- WHAT THIS TASK INVOLVES
Every line of the listing below from the one with "Nahaufnahme der violetten" up to and including the one with "Killough Auto Sales" should be retyped exactly, and nothing else; pictures are not part of the copy.

- INFORMATION PROVIDED
▬▬▬

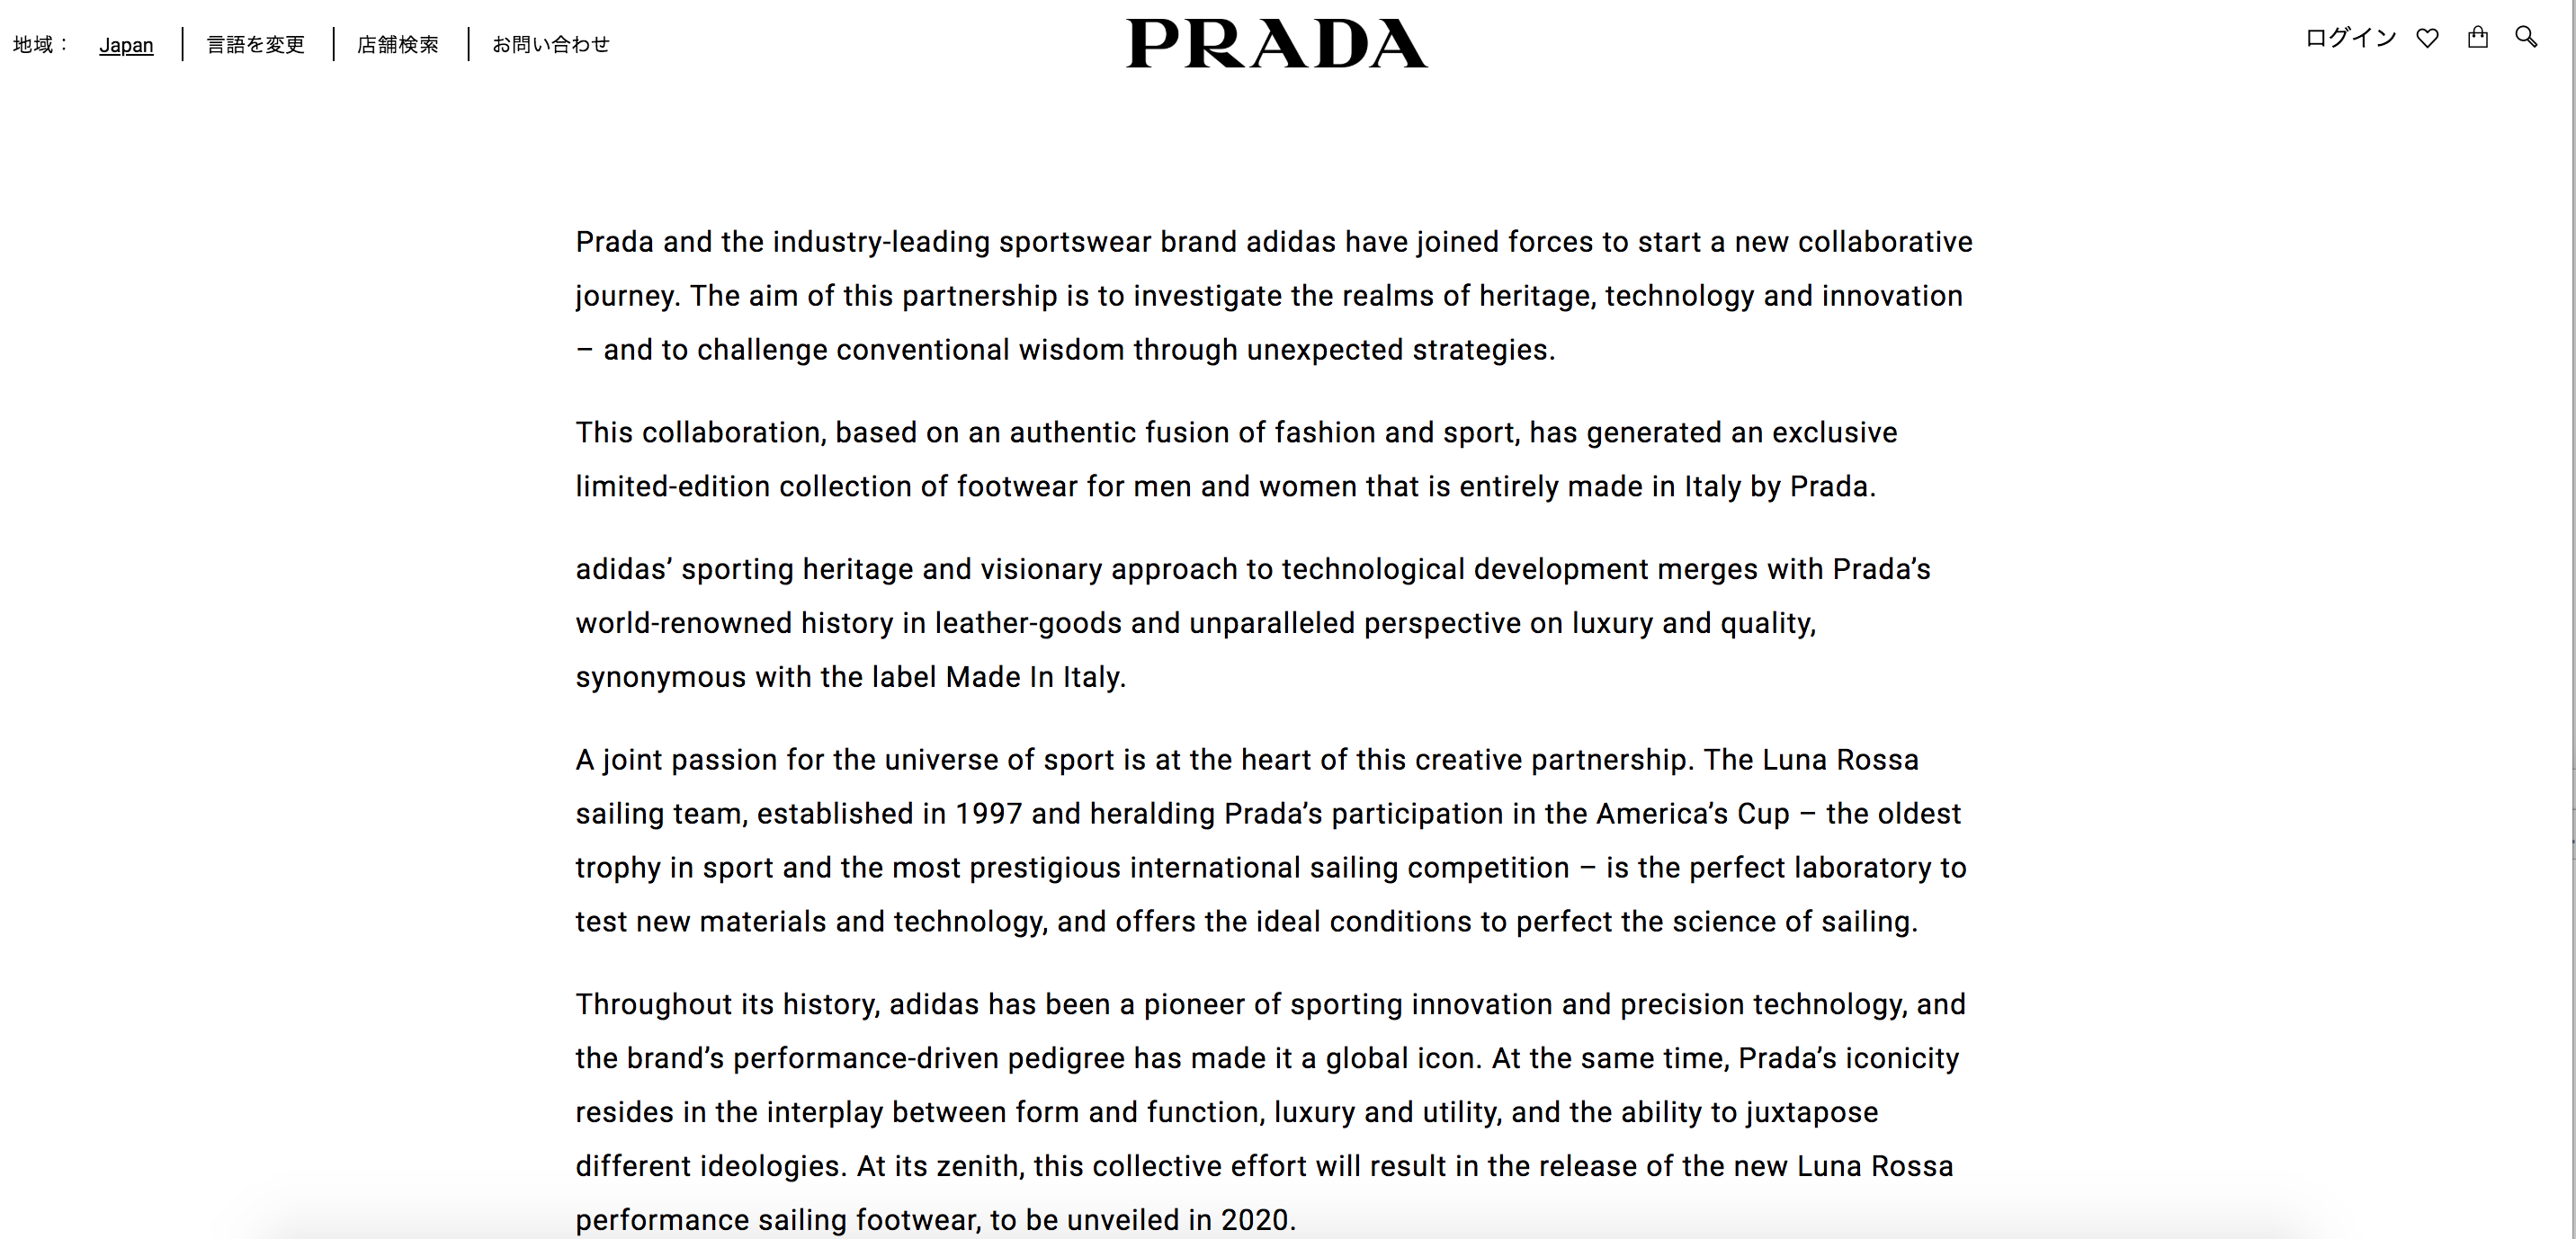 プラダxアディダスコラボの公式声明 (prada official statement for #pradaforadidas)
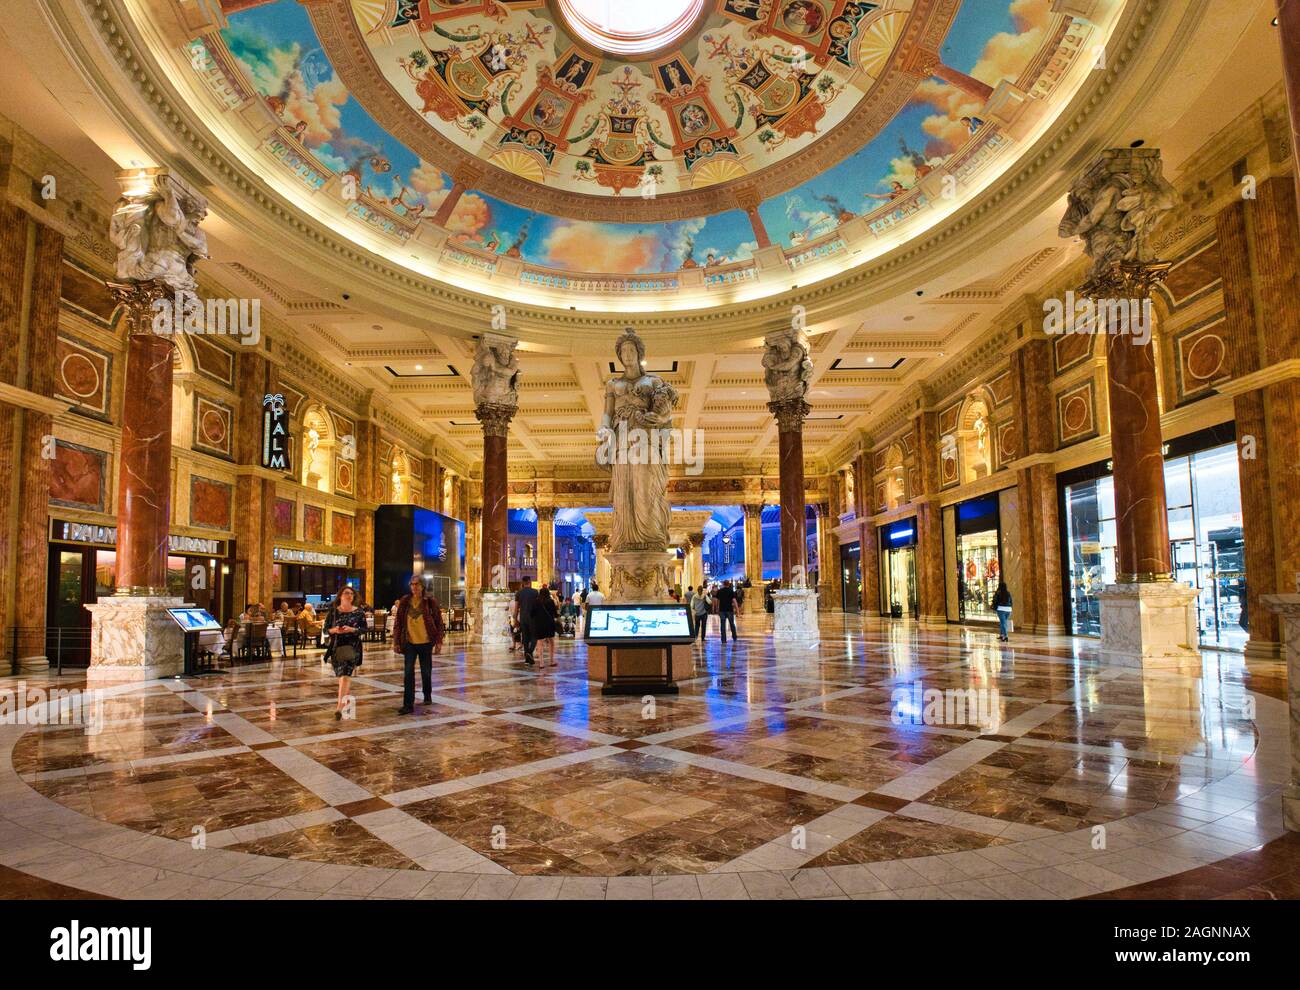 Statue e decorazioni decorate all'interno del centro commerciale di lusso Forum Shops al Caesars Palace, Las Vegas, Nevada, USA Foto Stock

▬▬▬

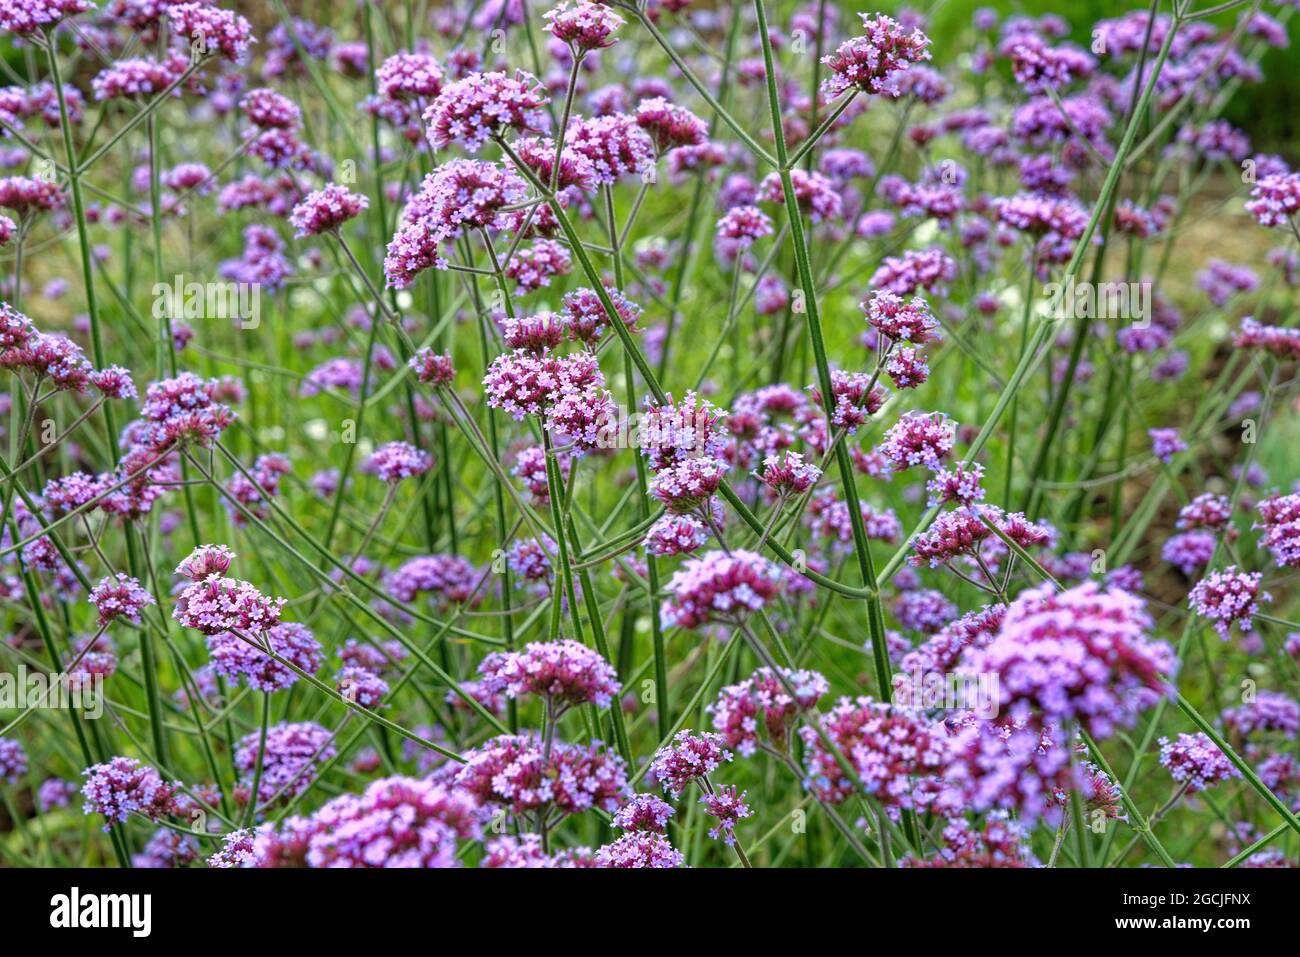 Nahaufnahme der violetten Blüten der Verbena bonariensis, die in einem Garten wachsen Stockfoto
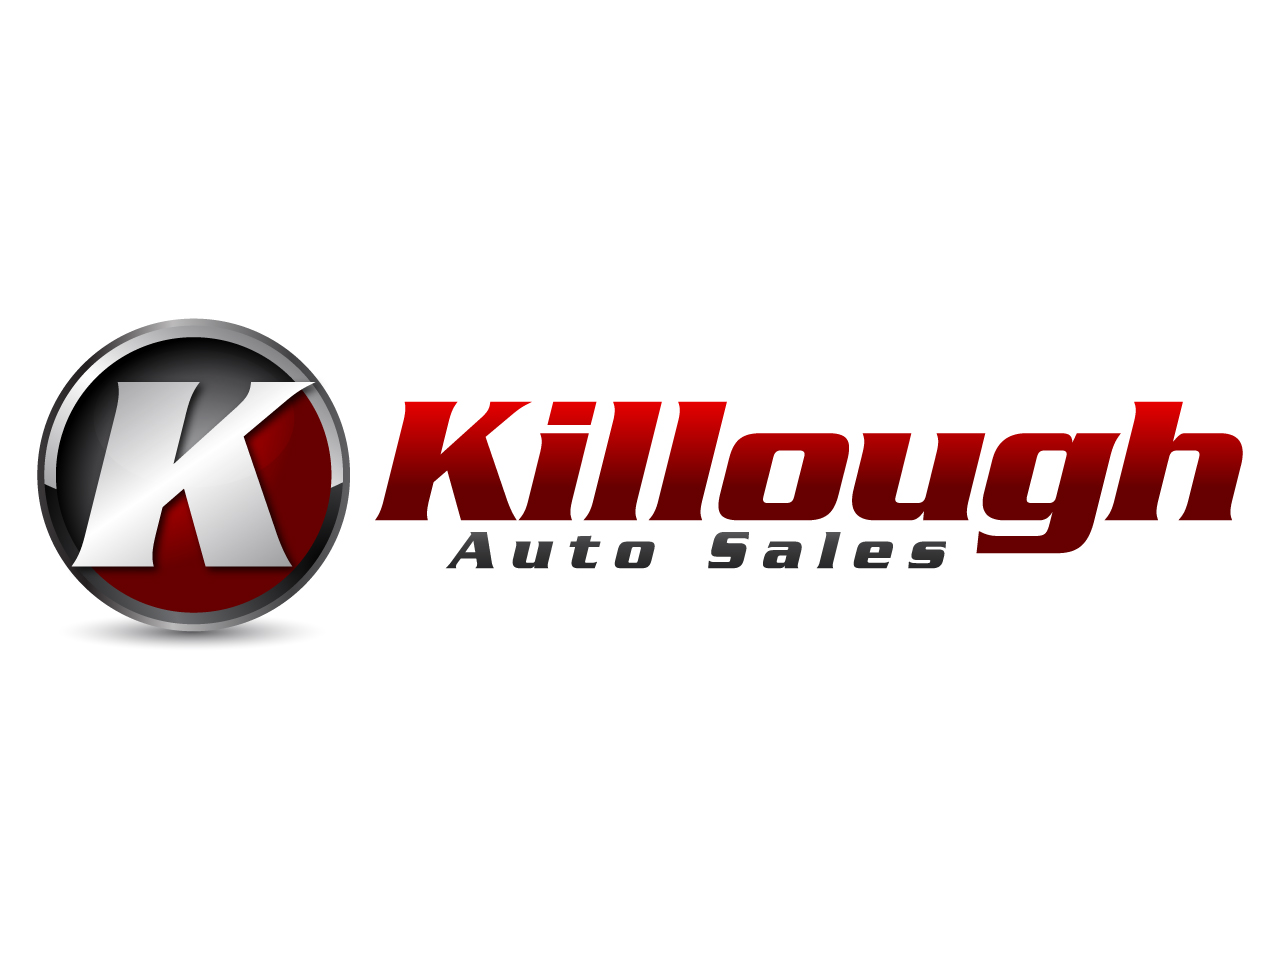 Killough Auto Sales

▬▬▬

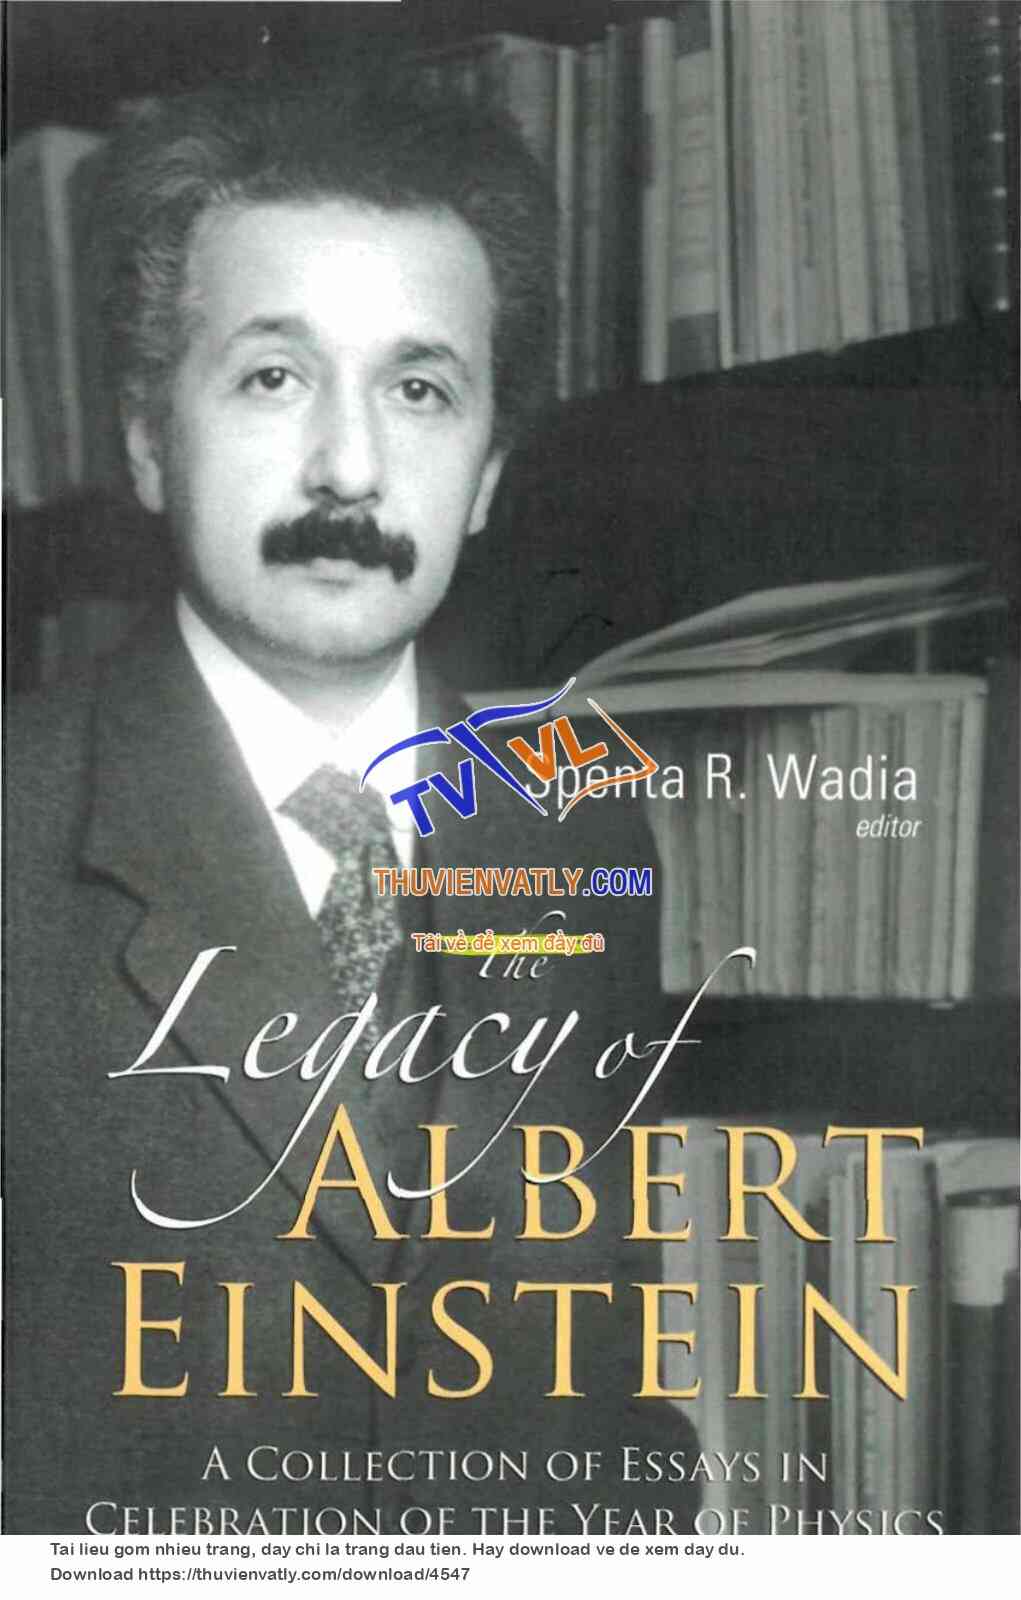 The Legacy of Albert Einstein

▬▬▬

- EXPECTED ANSWER
 Nahaufnahme der violetten Blüten der Verbena bonariensis, die in einem Garten wachsen Stockfoto
 Killough Auto Sales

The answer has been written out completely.